The majority of households did not dare rely on night watchmen to keep them safe. “Most households were armed, often more heavily than members of the nightwatch. Most domestic arsenals contained swords, pikes, and firearms, or in less affluent homes cudgels and sticks, both capable of delivering mortal blows.” People slept beside their weapons. “Once a family retired for the night, weapons were kept close.” Noblemen might sleep with a sword within reach, while ordinary people slumbered near less exalted weapons. “Valued as a club was the common bed-staff, a short, sturdy stick used in sets two on each side of a bed to hold-its covers in place.” For protection, households fashioned devices, such as shutters equipped with bells, to rouse sleeping inhabitants during a break-in. “Watchdogs prowled inside and out,” undoubtedly considered more reliable than watchmen by many. “It would be difficult to exaggerate the extent of popular contempt for nightwatchmen.” Businesses such as mills, stables, and warehouses hired private “watchers” or guards, as private security was more reliable than the public night watch.

“Between the fifteenth and seventeenth centuries, European beds evolved from straw pallets on earthen floors to wooden frames complete with pillows, sheets, blankets, coverlets, and ‘flock’ mattresses, filled with rags and stray pieces of wool. . . . ‘Whether due to sleeping on a bed fouler than a rubbish heap, or not being able to cover oneself,’” a Bolognese curate observed of insomnia among the poor, ‘who can explain how much harm is done?’” The poorest slept on the earthen floors of their peasant dwellings, with a layer of straw as their only bed:

In Scotland and Ireland, entire families slept upon earthen floors strewn with rushes, straw, and heather. Not only was the cost of bedsteads prohibitive, but they occupied valuable space in cramped dwellings. Of the “better sort of cabins,” a visitor to Ireland found in the late 1600s, “there is generally one flock bed, seldom more, feathers being too costly; this serves the man and his wife, the rest all lie on straw, some with one sheet and blanket, others only their clothes and blanket to cover them. The cabins have seldom any floor but the earth.”

Dwellings in general provided more limited shelter from the elements than modern homes. In 1703, a man named Thomas Naish related how after being awakened by a rainstorm he was unable to return to bed “for the violence of the noise, ratling of the tyles, and for fear that my house would fall down upon me.”

Ill-constructed houses generated their own cacophony, owing to shrinking timber, loose boards, drafty doors, broken windows, and open chimneys. All of which inclement weather made worse. Not only did keyholes whistle, but hinges and bolts gave way, and roofs leaked.
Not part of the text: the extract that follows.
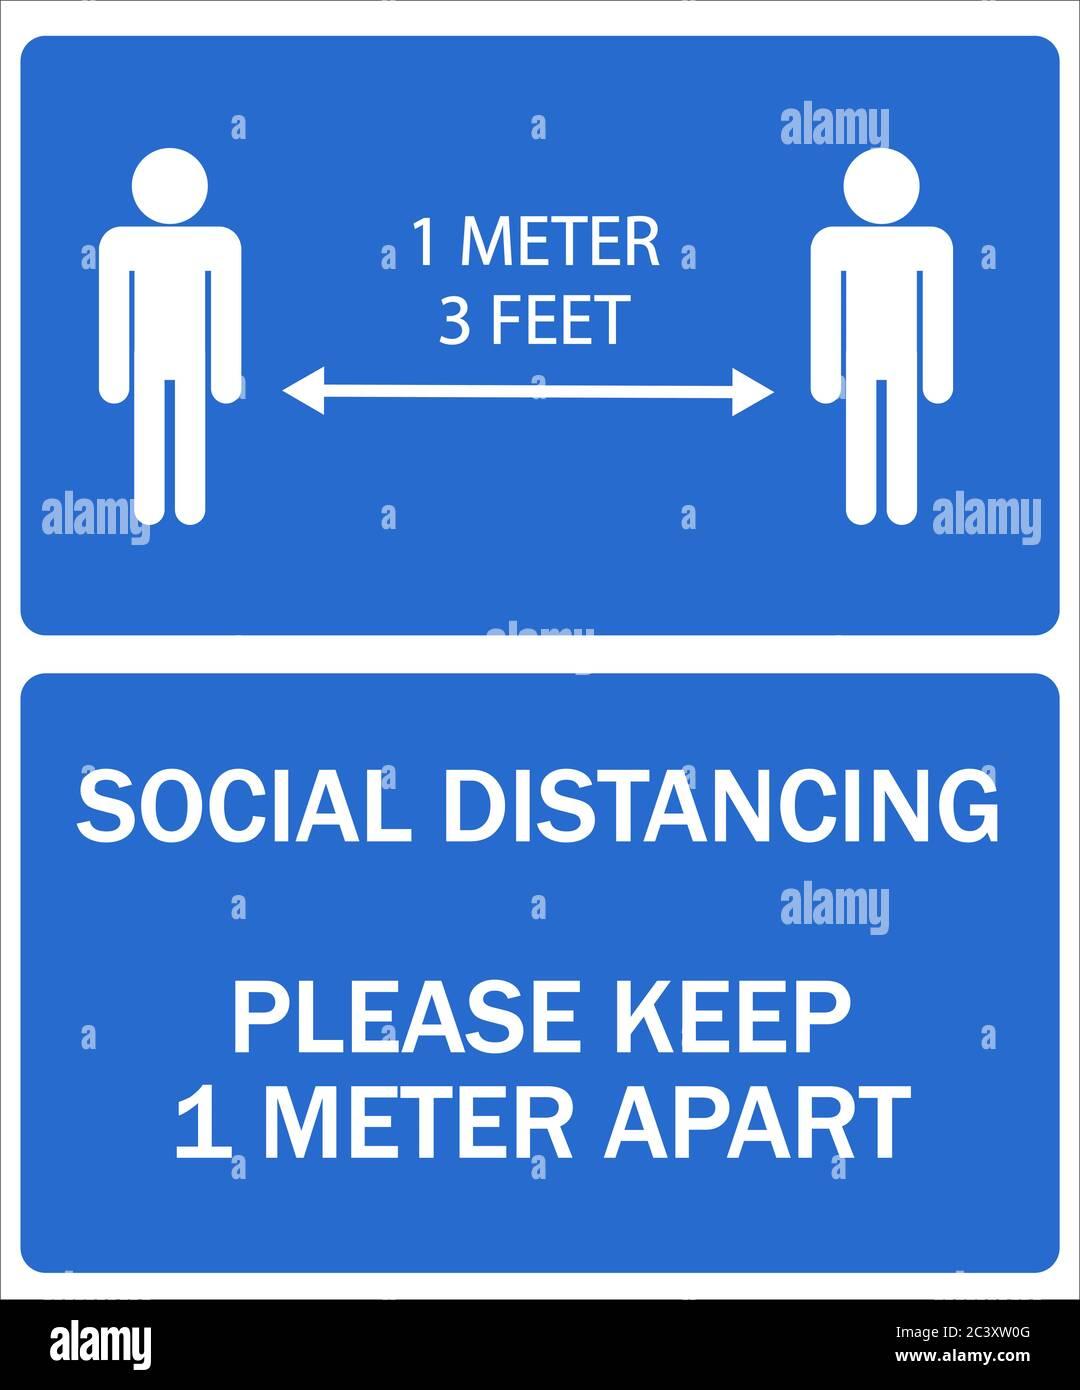 1 meter in feet

Many went to bed late: “Numerous people toiled past nightfall, both in towns and in the country.” In a world of intense poverty, the “pressures of subsistence . . . drove workers to toil late hours. . . . Of course, some laborers must have collapsed after returning home barely able from numbing fatigue to consume an evening meal, especially in rural regions during the summer when fieldwork grew most strenuous.” In 1777, a doctor in south-central France described peasants “returning home in the evening, harassed by weariness and misery.”

No matter how profound their exhaustion, the people of the past had little choice but to keep working late into the night. “Often there were jobs at night to do, from butchering stock to chopping wood to picking apples, all labor-intensive tasks able to be performed in poor light.” The full moon that occurs closest to the autumnal equinox earned the name “harvest moon” because it provided illumination for farmworkers gathering their crops late into the evening.

In the Netherlands, “maidservants might not retire until two or three o’clock” at night. Bakers began their work at night in order to provide freshly baked goods in the morning. A pamphlet from 1715 in Paris by journeymen bakers fumed, “We start our days in the evenings, we knead the dough at night; we have to spend all night in captivity. Night, the time of rest, is for us a time of torture.” Weavers and lacemakers were among the workers who often labored by candlelight:

“On long winter evenings, from Sweden to the Italian peninsula, mothers, daughters, and servants turned their hands to spinning wheels or looms.” Seemingly “every peasant at night [was] a weaver, some so poor that they relied upon moonlight to card wool.” “In the Fast Anglian city of Norwich, according to a census in the early 1570s, 94 percent of poor women performed textile work of some sort.”

All women were expected to stay up late working. “The good huswive’s [housewife’s] candle never goeth out,” remarked the writer William Baldwin in 1584, capturing the popular notion that women should work at all hours. Such attitudes were stable for centuries. The Book of Proverbs describes an ideal wife similarly: “Her candle goeth not out by night.” Preindustrial men, in contrast, often went to sleep at 9 p.m. or 10 p.m.

“Before bed, doors and shutters were double-checked.” Another pre-bedtime ritual was hunting for bedbugs and fleas and lice: Families combed the pests out of their hair, picked them out of beds, and plucked them off nightclothes. “Bugs were everywhere, especially given the proximity of dogs and livestock,” even in urban settings. Early modern Britons complained of “whole armies” of bugs attacking their night chambers.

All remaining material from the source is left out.